We grow up faster than we are prepared for and without direction or confidence have a hard time understanding how to reach out? People have been wondering why we are here since time began, how come there is still no answer to that? No wonder I have issues openly expressing feelings and answering stupid questions, we go back to the cave or reach out in secret on line to discover the truth.


So do I have an answer? Yes, I do.


Must be 9:30, I can still hear the voice of home authority telling me to tech-out and get the essay done. Does the world care if I sleep tonight? Either way, it is not getting done today. I'll wing-it in class and hand in whatever. Smash Bros is calling.


Sitting in math class, one period away from English and handing in an essay I haven't cared to write. I'm bored and have nothing to do so I should take a shot, but I am going to write it my way.

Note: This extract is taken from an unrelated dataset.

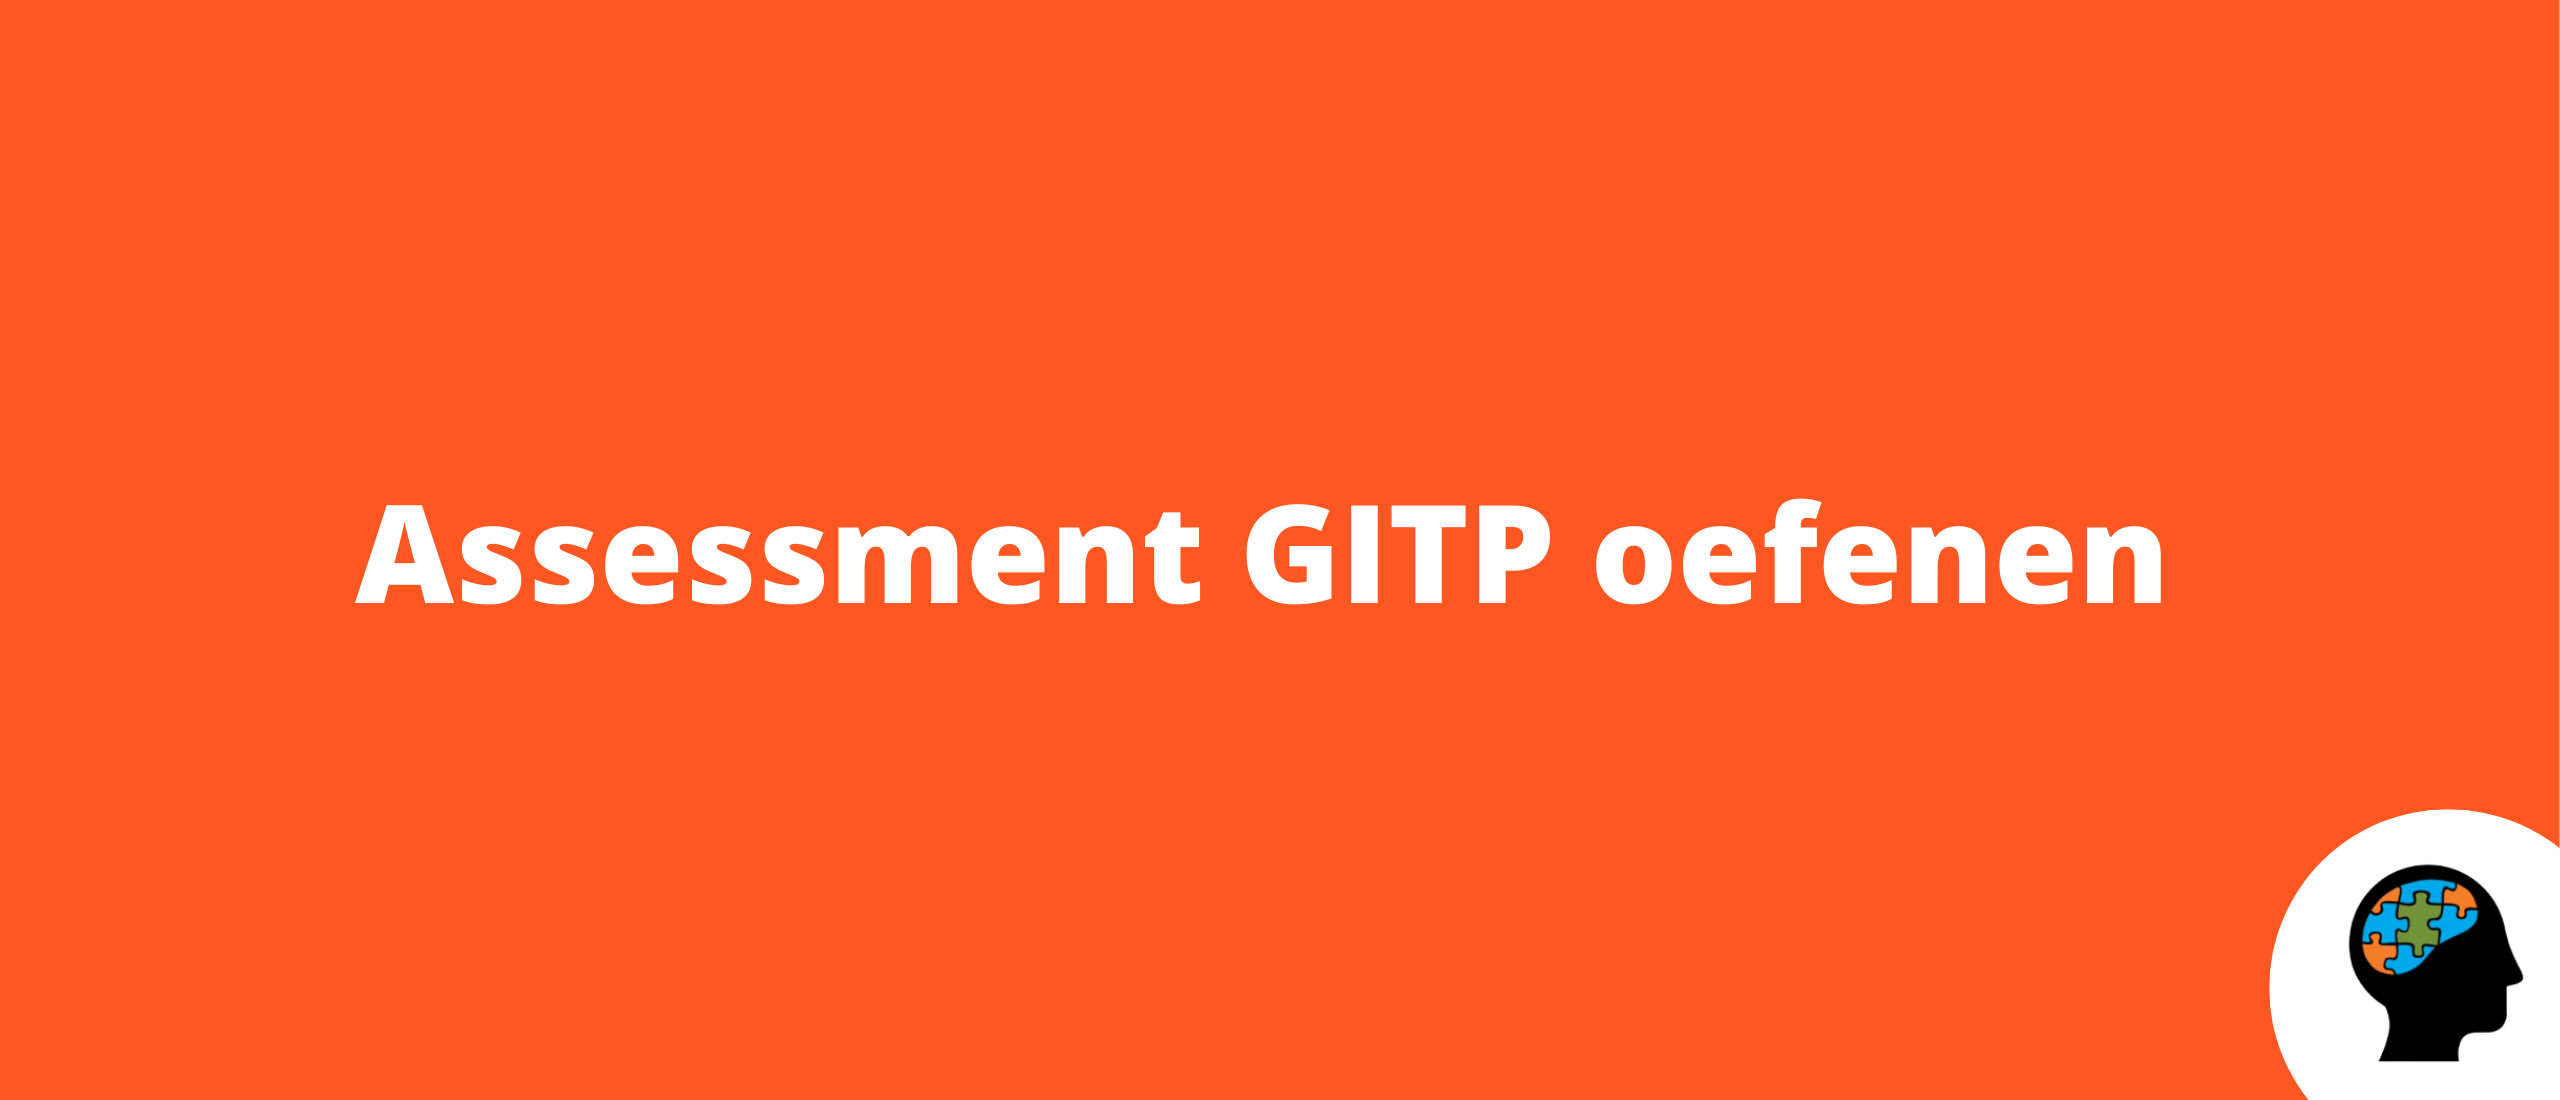 Assessment GITP oefenen

Okay so I have put it off as long as I could, I need to do something; how would I change the world? The question is still a waste of time in my opinion. To really change the world, it would make changes that no one would ever allow. The bottom line is it would have to be destroyed and rebuilt to erase all the wrong, but that is only the start.


My answer, a poem essay.


Take Away the Colors


Generations of injustice civilizations moved on

our time here is short but we have so much left to give

life struggles to create unity, and real equality is long gone

we create lies to make truth fit and justify right and wrong

this is how we live


Free enterprise and greed scare tactics and selfish need

make our actions just; our differences separate and cause miss trust

fear and hate give us the reason to exile conquer and oppress plant a viral seed

open season to sacrifice the weak shed light to the peril of the needy is a must


Our laws and religions created through conflict and greed

create our morals, discriminate and bury our sorrows,

the mightiest agenda is what we die for

the weak live for today and pray for tomorrows


Weapons of war are what destroys our resistance the Holocaust and genocide are a haunting persistence


The ones in control are who brought us here

failure is the way for the knowledge we gain

solutions for a better world are abundantly clear

the buy into reality would be for greed to refrain


They keep us in line by miss information fake news

fear true change may never come there is no value in forgiveness


The dead can't take the treasure they steal

we crush the less fortunate to make a strategic gain

easy to live here with your sins beware of who waits for you at the gate

take away our colors see others as our reflection

and true equality is achieved to proclaim.


Argh, well it's done, I have mentally collapsed inside myself three times and rescued it from the garbage bin twice, but it's done. Wrinkled and torn, this is what I will hand in.